Il brano è estratto dal suo esordio Porcoddio EP, cioè la raccolta di brani più scorretta e assurda dai tempi di Vengo da Ghana. L’album, se di album si può parlare, è composto di cinque brani abbozzatissimi, tutti sotto i due minuti, con basi banali e testi allucinati rappati con un flow impastato che vorrebbe assomigliare a quello di Guè. L’immaginario del God è un trionfo di concerti ad Auschwitz, cocaina, stragi, armi ai bambini, anfetamine ai bambini, incesti, Salvini e Saviano, “troie sullo yacht, quattro Lamborghini e sei Ferrari sullo yacht”, cose così. L’intento è chiaramente ironico, come spiegato nello sgrammaticato manifesto pubblicato su Instagram e nella bio di Spotify, dove si specifica che “tutto ciò che artisticamente riguarda l’artista Trap God e Young $atana (il producer, nda) è totalmente astratto e non vuol rispecchiare la vita reale di questi ultimi”.
Insomma, è inutile scandalizzarsi di fronte alle rime di uno che dice di “flexare su Gesù”, un anonimo che cerca di ripetere l’effetto shock alla Young Signorino e che sa che per riuscirci può solo spingere la scorrettezza oltre tutti i limiti, e non importa se si sfocia nel nonsense, nello shitposting musicale, anzi forse meglio ancora.

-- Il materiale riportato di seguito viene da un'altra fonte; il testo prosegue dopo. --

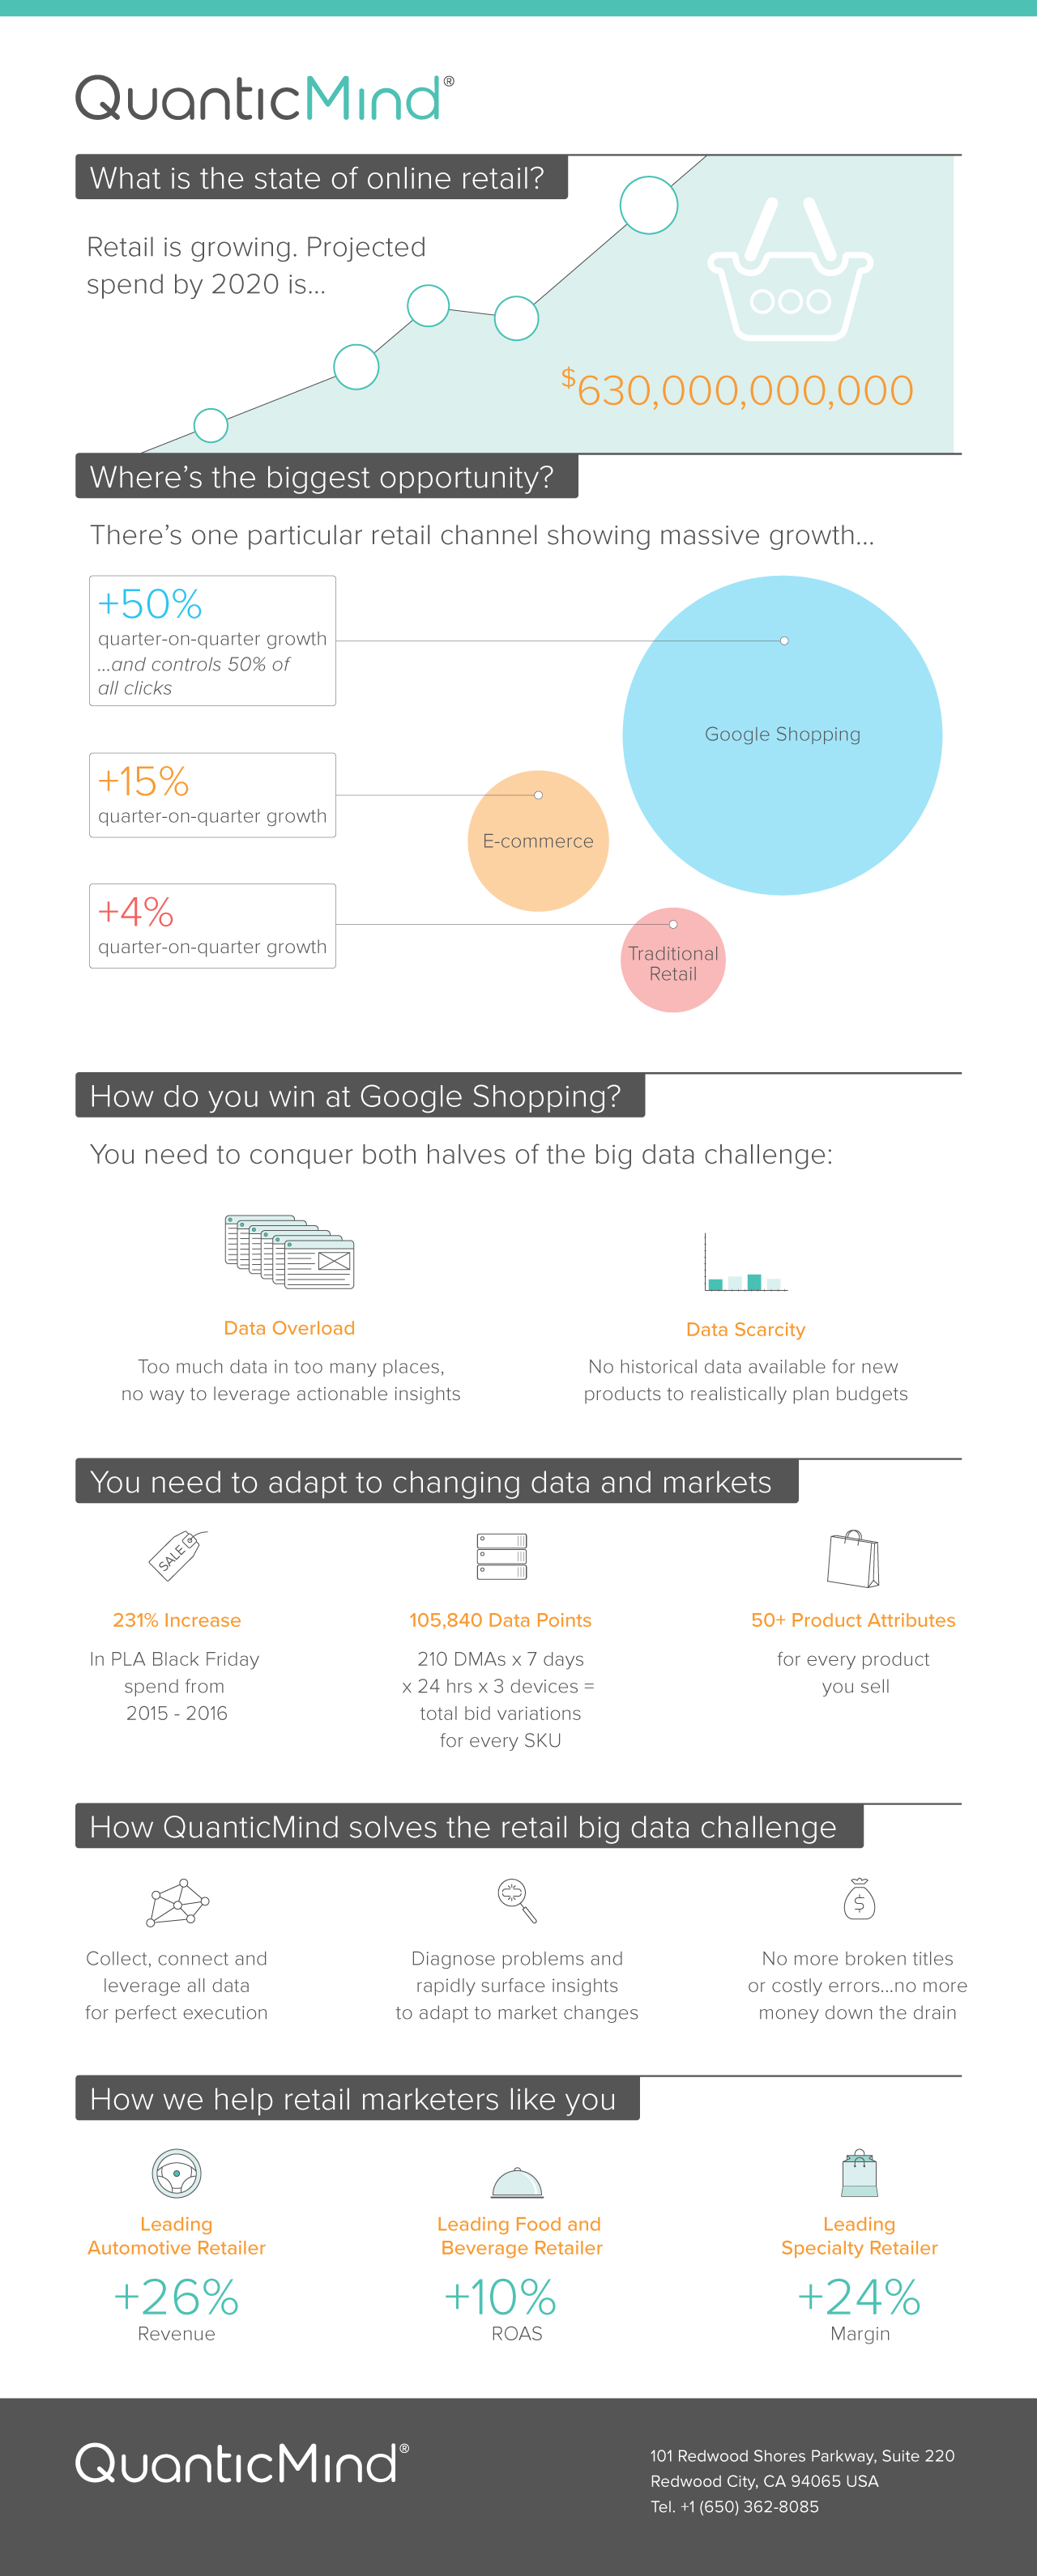 Solving Retail's Big Data Challenge

Trap God non è l’unico troll-rapper in giro sulla rete, ma a differenza dei colleghi come Young Greggio – che canta di Peugeot 107, centri massaggi e, appunto, Ezio Greggio – è l’unico che cerca di sfondare sul serio.

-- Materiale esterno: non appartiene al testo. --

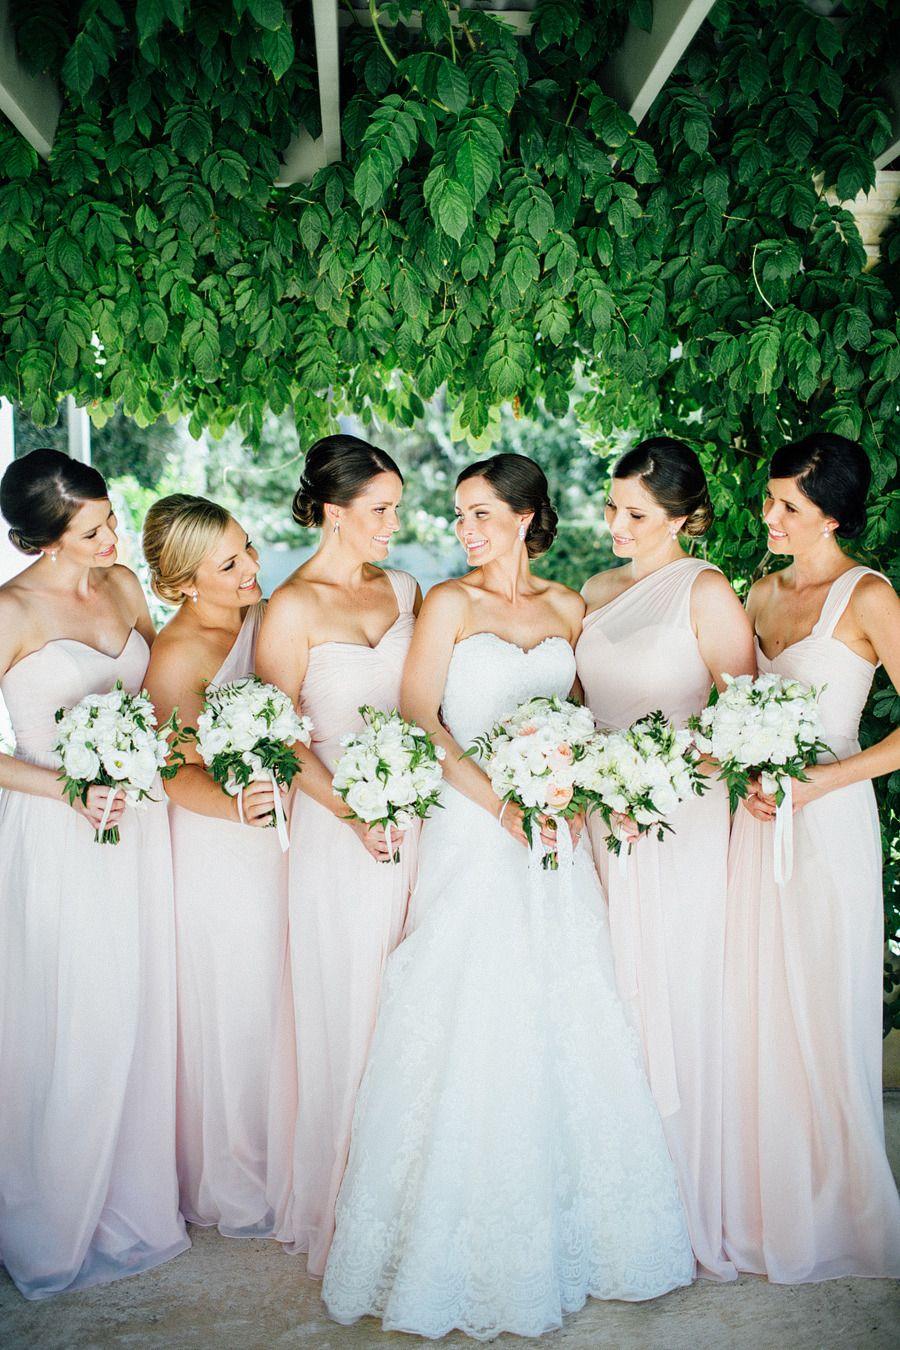 La Mariee Sweetheart Chiffon Bridesmaid Dresses Wedding Party Dress With Ruffles

L’EP è uscito dopo una campagna di trailer su YouTube, piccoli brani necessari a Trap God per presentare se stesso e la sua poetica e per anticipare l’uscita su tutti i principali distributori di musica del web – tra queste miniature spicca Mio nonno ha l’alzheimer, dove c’è l’attacco più potente mai registrato dal God: “Uh, mio nonno ha l’alzheimer / Uh, ho pensieri sessuali su mamma / Mio padre è rimasto incinta”. La musica di Trap God non è nascosta tra le pagine di 4chan o in qualche gruppo di meme su Facebook, è su Amazon, Apple Music, Deezer, Tidal e naturalmente Spotify, che abbiamo contattato per chiedere come mai un album del genere sia sulla piattaforma da praticamente un mese, e come abbia fatto a scalare la classifica nel silenzio generale.
Dell’assurdità del tutto se n’è accorto persino Trap God, che chiude il suo manifesto poetico mettendo le mani avanti: “Tali contenuti sono unicamente a scopo artistico. Non rifare a casa, non prendere sul serio”. Il primo troll con un disclaimer.